* [Instructions for the task]
In the data below, find the line containing "Mittineague Congregational Church logo" and the line containing "Calvin Klein Elaine", then reproduce them and every line between, exactly. Omit pictures.
*** Opening Input data ***
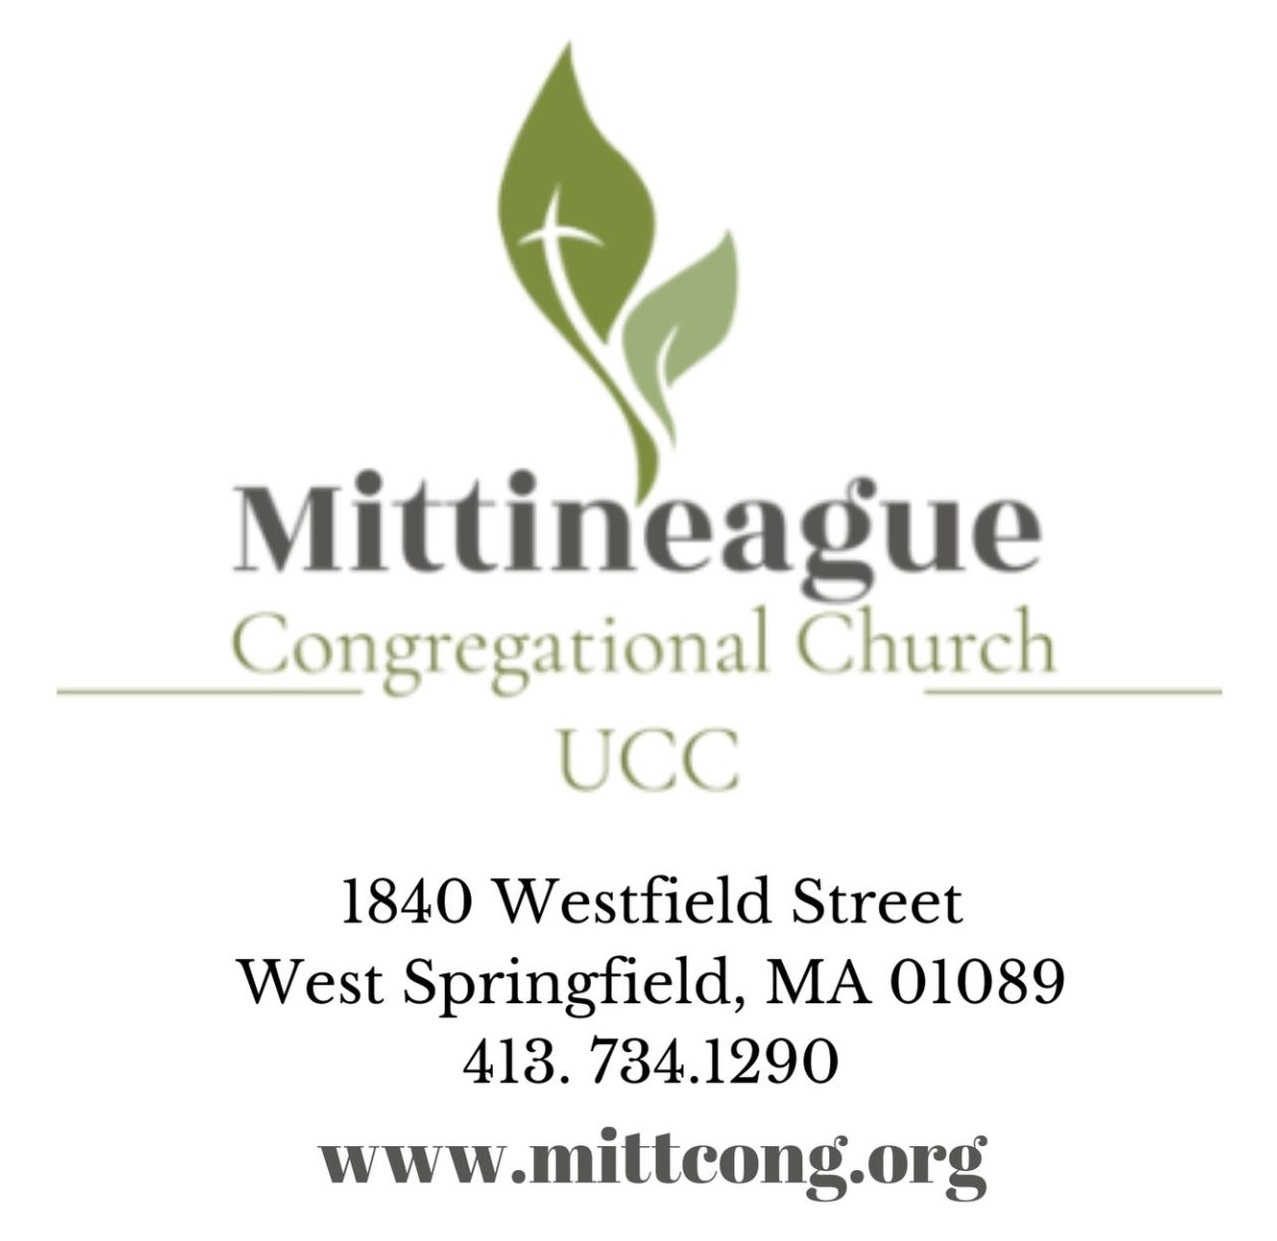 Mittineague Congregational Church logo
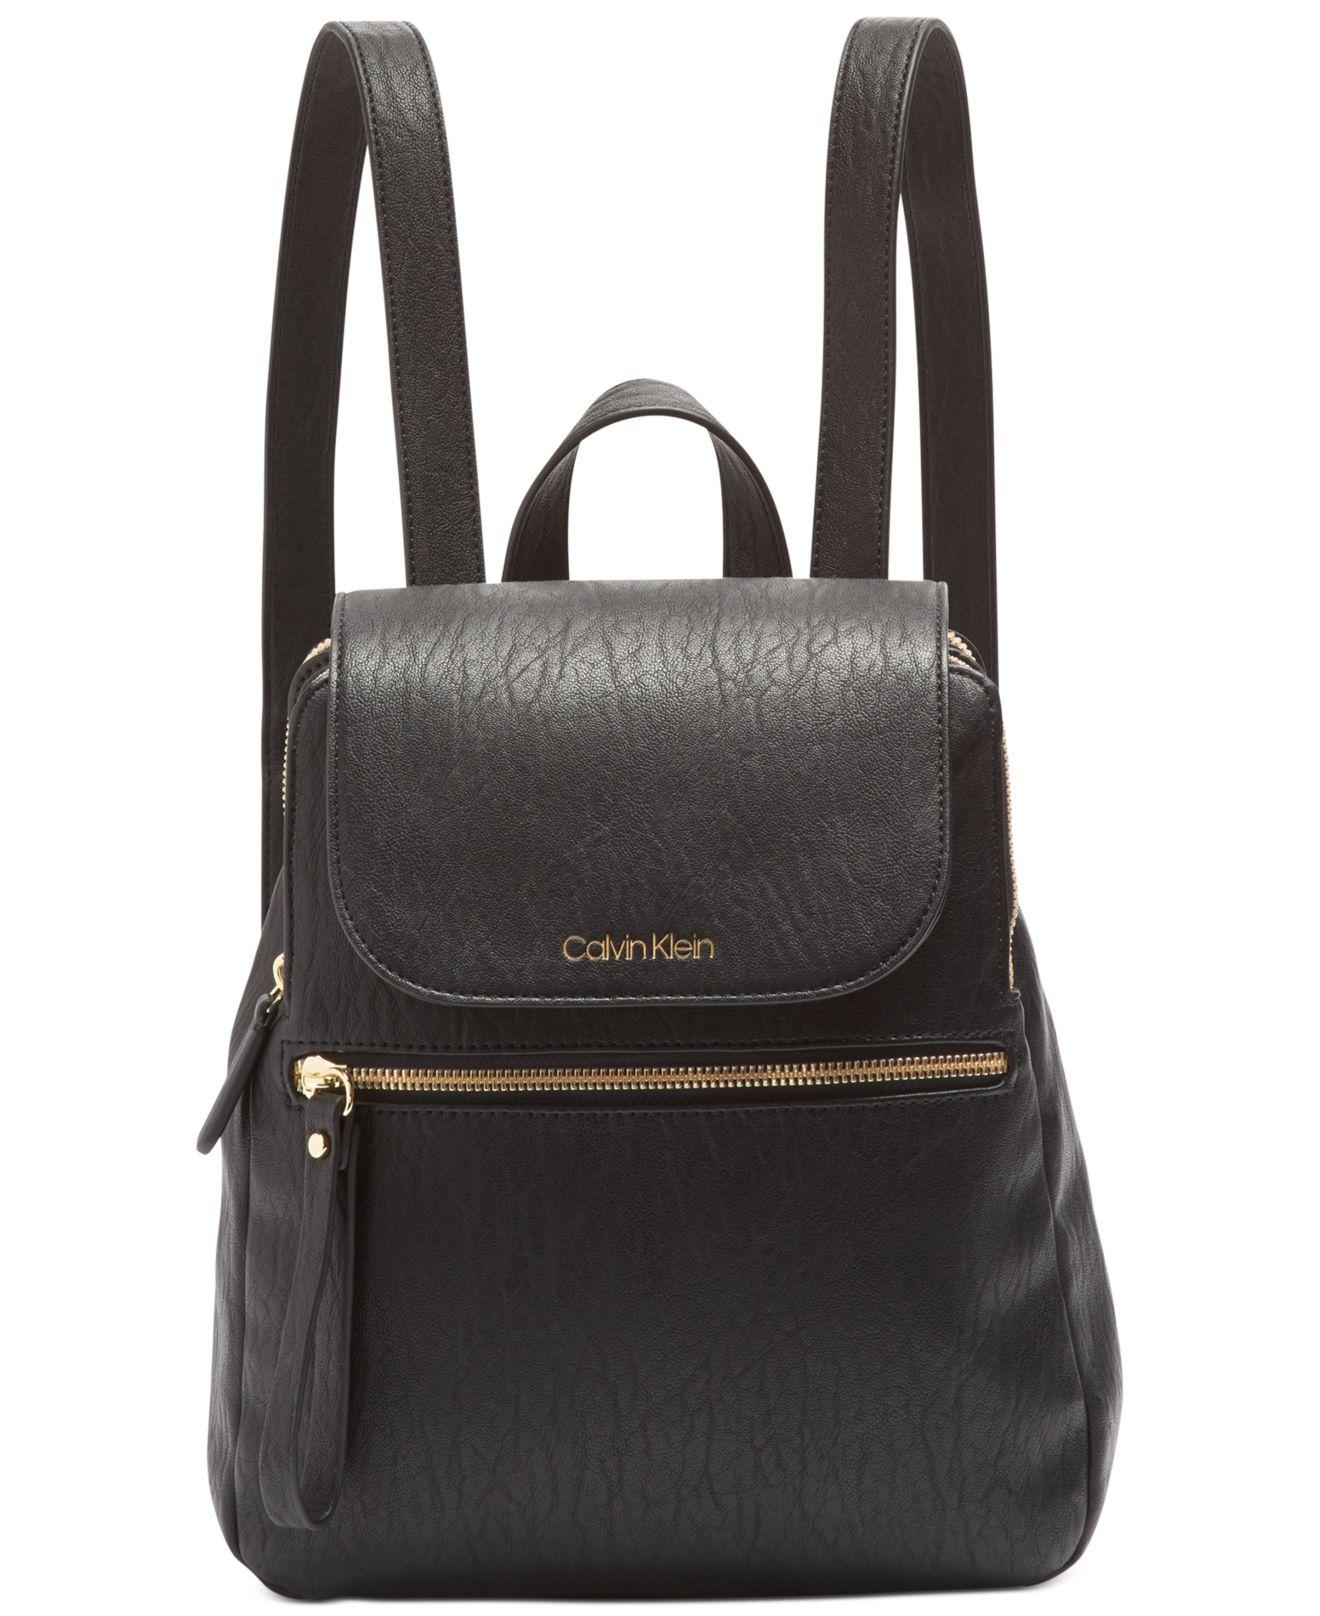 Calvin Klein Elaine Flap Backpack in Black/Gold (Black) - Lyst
*** Closing Input data ***
*** Opening Input data ***
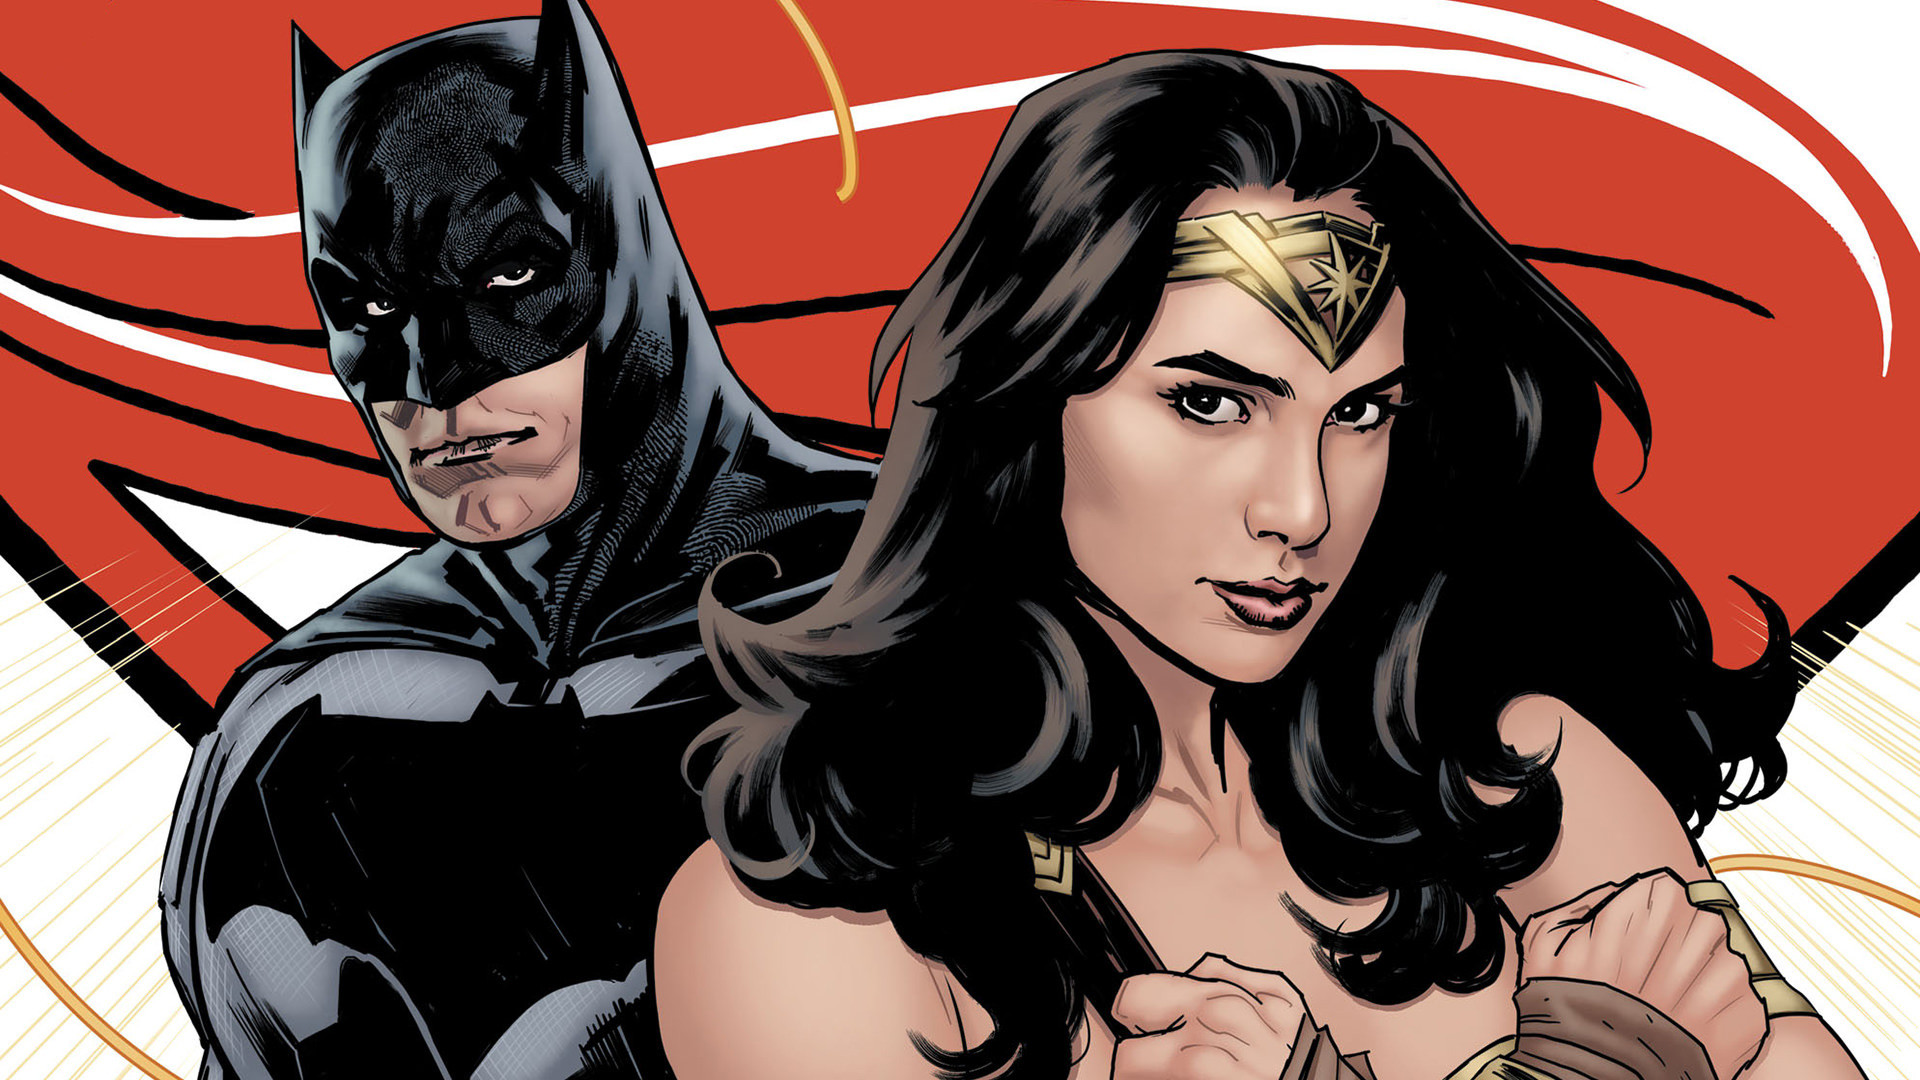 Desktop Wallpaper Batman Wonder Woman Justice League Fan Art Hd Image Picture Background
*** Closing Input data ***
* [Written response]
 Mittineague Congregational Church logo
 Calvin Klein Elaine Flap Backpack in Black/Gold (Black) - Lyst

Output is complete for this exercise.